Chwilami myślałem sobie: czy to odrobinę nie za błahe, właśnie powiastkowe, jak na osobne przedstawienie? Zarazem dostałem kawałek dobrej roboty teatralnej, w efekcie której niesamowitość przeplata się ze śmiechem, a to wszystko z konkretnym społecznym tłem. Postaci są mocno przerysowane, chwilami tryskają ludzkimi emocjami, ale chwilami są jak kukiełki z komedii dell’arte. Ale dziś bardziej niż w czasach Prusa w taki sposób opowiada nam się takie historie.

Nierealna, jakby senna jest dekoracja Anny Marii Macugowskiej, przekonująca zarówno jako mieszkanie sknery jak i jako piekło. No i odmierzająca rytm całej historii muzyka Marcina Pospieszalskiego. Filip Wałcerz i Michał Żak też są jako multiinstrumenaliści częścią tej historii.

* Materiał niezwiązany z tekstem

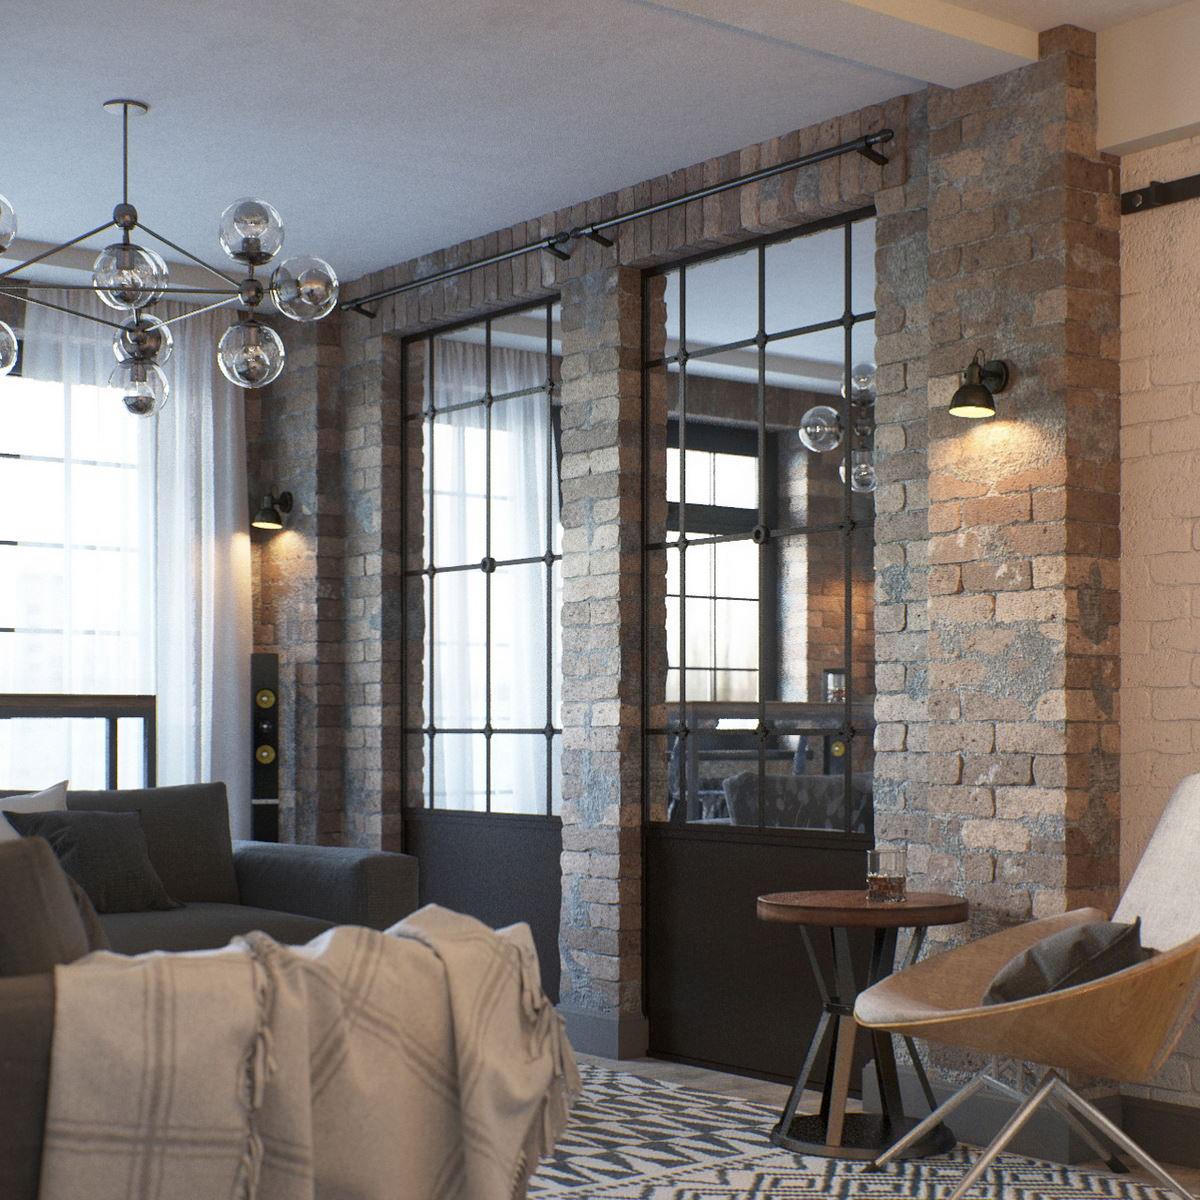 interior-3D-visualization-loft-room-mirrors

Szukając sensu: bez wątpienia Prus jako racjonalista używa odwołań do śmierci i piekła jako pretekstu, swoistej metafory tego co na ziemi. Stawia pytania o metafizykę, ale nie całkiem serio. Zarazem mamy ów wspomniany już przeze mnie pesymizm wobec ludzkiej natury (pytanie, kto zawinił?).

No i mamy okruszek społecznego kontekstu. Dziś w dobie modnej „ludowej historii Polski” warto pamiętać, że nie musi ona dotyczyć tylko chłopów. Prus często odwoływał się do zderzania biedy z bogactwem, i krzywdy z przemocą. Robił to jako rasowy reporter, nawet gdy posługiwał się piętrowymi igraszkami na poły baśniowymi. Nie był radykałem, w latach późniejszych polemizował z socjalistami, którym przypisywał pokusy rewolucyjne. Odwoływał się głównie do ludzkiego sumienia zamożniejszych i bardziej oświeconych. Mając świadomość, to z tego tekstu wprost wynika, co najmniej niepełnej skuteczności tych apeli.

Może to cenne, że teatr zajmujący się rozmaitymi aspektami, można by rzec obliczami polskiej tradycji, o tym wątku obecnym w polskiej klasyce przypomniał. Zarazem jest coś jeszcze, za co ten spektakl musi dostać ode mnie co najmniej bardzo mocnego plusa.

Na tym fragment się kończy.